I believe that there really isn’t too much we can be certain about in this world, but one thing that I think is definitely certain (especially from my own personal experience) is that you can move too quickly towards something and completely miss it by burning yourself out. That is why you can’t let your insecurities push you too hard towards that “something” and miss the gifts that you should be receiving along the way. That is exactly why I’m grateful for my experience with May (in spite of how humbling it was) and for being challenged by Caleb…and even more so for the people in my life that have loved, supported, and encouraged me through out this time (and my life thus far) with no judgment. It’s giving me the courage to slow down, let go, take it easy, and listen to my body. I’m especially grateful for Amy who has always encouraged me to take time to relax and rest and even once told me that “you can never move too slowly towards something” (meaning to “let go” and not try to force things to happen by sheer will power…Caleb told me that exact thing this morning, coincidentally. He also told me a story about something he heard a preacher say once when he was young that really struck him and he has never forgotten and it was, “Hurrying isn’t of the devil. It is the devil.”). As I see Amy struggle with her own insecurities (we all have them) during this time of extreme uncertainty (that neither of us asked for) I’m hoping that I can return the favor (of encouragement) to her as I learn to slow down and be patient with myself and this recovery process. Amy has never ever put any pressure on me to be anything but myself and I’ve always tried to do the same for her. I’m the one who is always putting the pressure on myself. She also has always loved me in spite of my whiteness (I’m saying that now both literally and figuratively).
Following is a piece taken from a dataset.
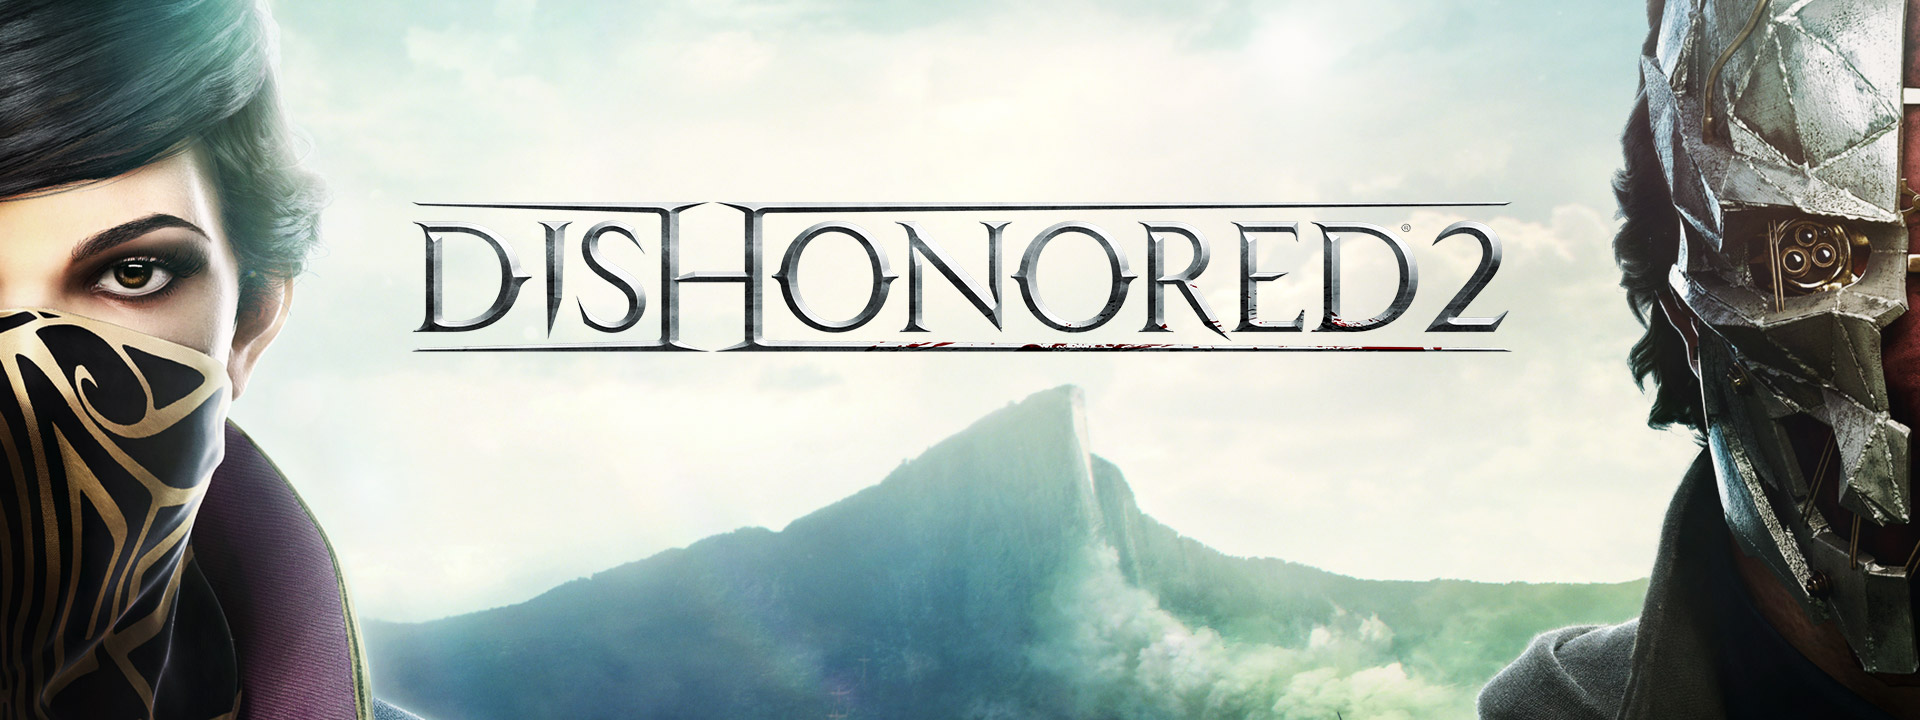 В Dishonored 2 можно поиграть бесплатно на PS4, Xbox One и ПК
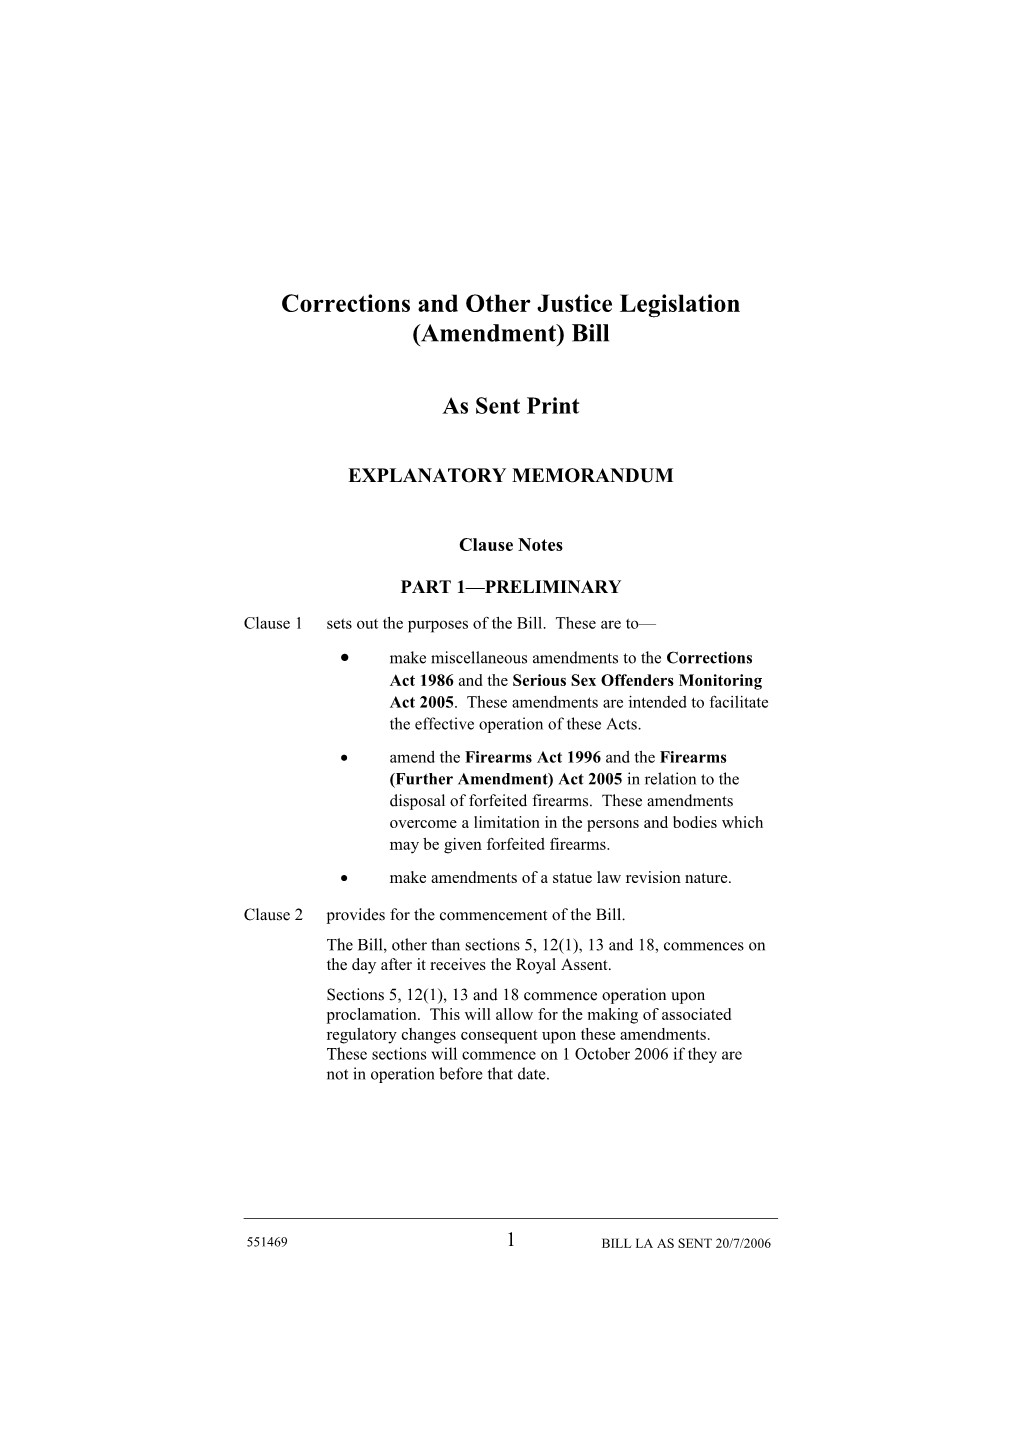 Corrections and Other Justice Legislation (Amendment) Bill

Prayer Requests for this week:
– Alex Should be starting his second round of Chemo. Pray it continues to combat any tiny Cancer cells that might be trying to hang around still
– Continued prayer for protection from seizures
– Our friend Joe who we’ve mentioned on the blog and had a reoccurrence recently, finally had his surgery, and it went well. The bad news though is that the tumor was Stage 4. He is currently doing radiation and Chemo at the same time. Please pray for him and his wife Erica.